Greetings,
I have been using RAST for bacterial genome annotation for about 1 year. In this time I've only worked with a few genomes, but now I am working with a huge list of bacterial genomes (precisely 108 genomes). What I want to know is: is there any way that I can submit all these 108 genomes (Genbank files) to the RAST server at the same time? Submitting one by one would be really time consuming and I would do that only if there is really no other option. The subsequent program (PanWeb) will be used for pan-genome analysis and it requires EMBL files standardized by RAST as input files. Do you have any suggestion on how I can manage to process these files? Maybe using another annotation server? Maybe another strategy?
Many thanks!
Alec
Thanks for your reply! I've been reading about the command line option of RAST and it will for sure facilitate the process shall I use it. If I were to switch to prokka, do you recommend any software for pan-genome analysis? I'd need to test it, but I'm not completely sure that PanWeb would accept the output file of prokka, although it does accept gbk.

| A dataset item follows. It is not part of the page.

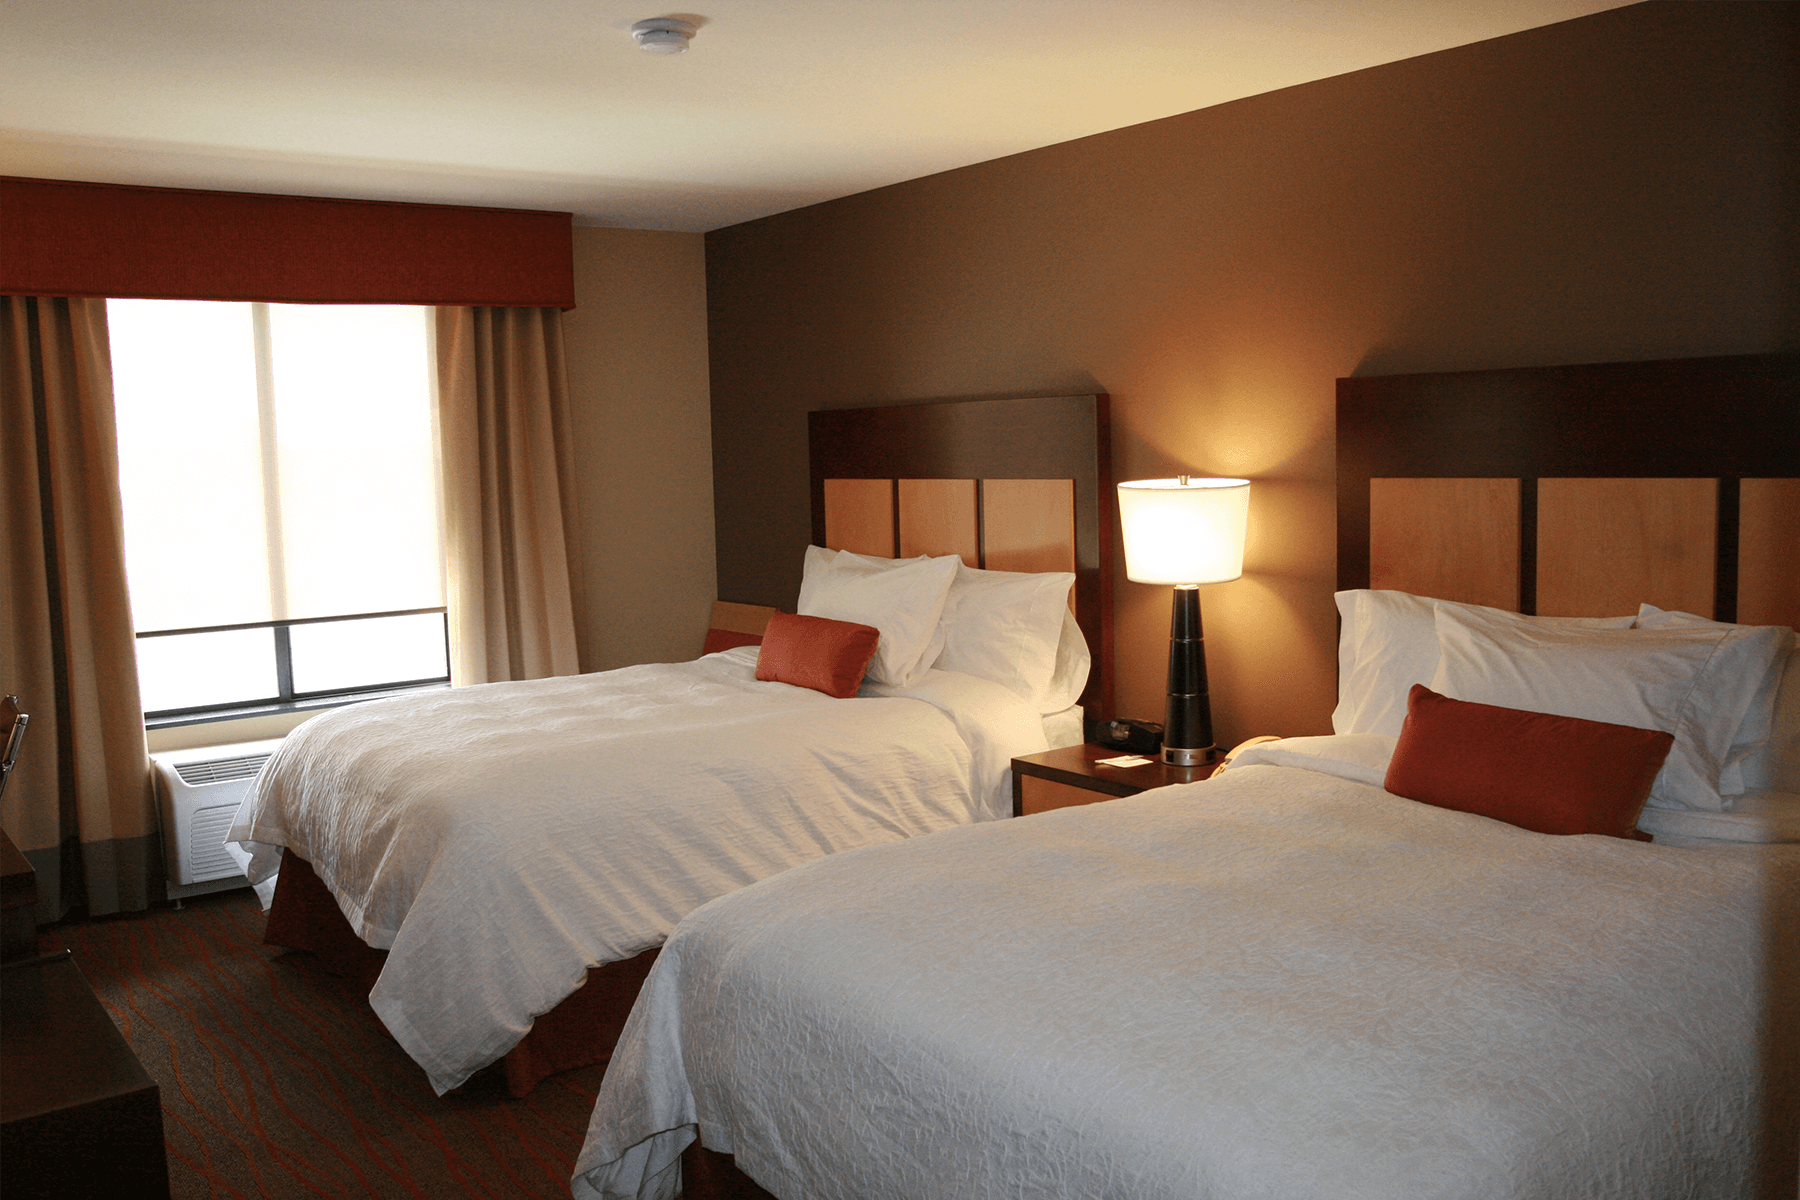  Spokane Inn and Suites Spokane room interior double beds

The program Roary is designed to take the output of prokka for several genomes and produce core genome/accessory genome analyses. I can’t remember off the top of my head whether it gives you back the pangenome specifically, but that information would be extractable if not regardless (there are other tools that escape me at the moment that should do it too).
PGAP is best for pangenome analysis, and RASTtk surely can proceed with several genomes. PROKKA is also best like RASTtk for annotation.All the best.
I’ve not used PGAP, but it is older and less highly cited than
roary
. I’d want to see some specific performance indicators to suggest PGAP is “best”.